Task objective: Copy out the lines of the material that include the string "Ideas".

# # #

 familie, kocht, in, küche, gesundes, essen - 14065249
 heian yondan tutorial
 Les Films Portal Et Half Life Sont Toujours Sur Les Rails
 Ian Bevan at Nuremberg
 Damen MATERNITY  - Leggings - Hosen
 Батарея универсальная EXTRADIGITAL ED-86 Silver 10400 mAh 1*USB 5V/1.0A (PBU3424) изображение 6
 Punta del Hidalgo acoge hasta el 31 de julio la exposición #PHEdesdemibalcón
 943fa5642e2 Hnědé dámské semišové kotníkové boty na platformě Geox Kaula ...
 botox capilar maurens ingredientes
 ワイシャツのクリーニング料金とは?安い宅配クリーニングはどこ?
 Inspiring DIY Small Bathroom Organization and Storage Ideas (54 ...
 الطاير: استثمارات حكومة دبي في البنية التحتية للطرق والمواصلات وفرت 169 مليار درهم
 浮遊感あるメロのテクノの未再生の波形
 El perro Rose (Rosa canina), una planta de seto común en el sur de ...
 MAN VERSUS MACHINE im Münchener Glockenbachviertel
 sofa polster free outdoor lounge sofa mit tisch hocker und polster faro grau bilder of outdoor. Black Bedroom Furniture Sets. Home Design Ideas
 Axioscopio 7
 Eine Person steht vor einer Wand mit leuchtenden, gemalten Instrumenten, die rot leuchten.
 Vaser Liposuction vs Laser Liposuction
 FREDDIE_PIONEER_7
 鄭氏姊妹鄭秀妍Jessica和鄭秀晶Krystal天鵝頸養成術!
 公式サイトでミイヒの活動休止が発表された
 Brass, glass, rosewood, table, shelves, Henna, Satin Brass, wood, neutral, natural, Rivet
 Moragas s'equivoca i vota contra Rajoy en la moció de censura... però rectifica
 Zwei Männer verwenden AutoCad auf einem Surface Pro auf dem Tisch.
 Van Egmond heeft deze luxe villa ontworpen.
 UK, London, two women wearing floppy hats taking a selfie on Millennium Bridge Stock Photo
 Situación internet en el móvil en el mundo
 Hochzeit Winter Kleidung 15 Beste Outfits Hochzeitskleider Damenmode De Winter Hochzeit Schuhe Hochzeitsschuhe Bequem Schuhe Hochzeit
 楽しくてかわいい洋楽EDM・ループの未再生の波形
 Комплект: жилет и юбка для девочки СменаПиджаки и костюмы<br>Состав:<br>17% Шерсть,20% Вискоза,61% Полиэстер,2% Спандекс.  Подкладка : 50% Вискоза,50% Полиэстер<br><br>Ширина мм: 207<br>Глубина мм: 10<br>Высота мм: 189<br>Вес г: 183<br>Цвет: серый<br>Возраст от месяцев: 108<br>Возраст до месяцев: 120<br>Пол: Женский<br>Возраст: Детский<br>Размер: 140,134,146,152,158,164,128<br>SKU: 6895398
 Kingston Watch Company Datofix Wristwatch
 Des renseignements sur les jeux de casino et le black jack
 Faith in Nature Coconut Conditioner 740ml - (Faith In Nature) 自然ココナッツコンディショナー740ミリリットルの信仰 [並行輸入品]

# # #

Response box:
 Inspiring DIY Small Bathroom Organization and Storage Ideas (54 ...
 sofa polster free outdoor lounge sofa mit tisch hocker und polster faro grau bilder of outdoor. Black Bedroom Furniture Sets. Home Design Ideas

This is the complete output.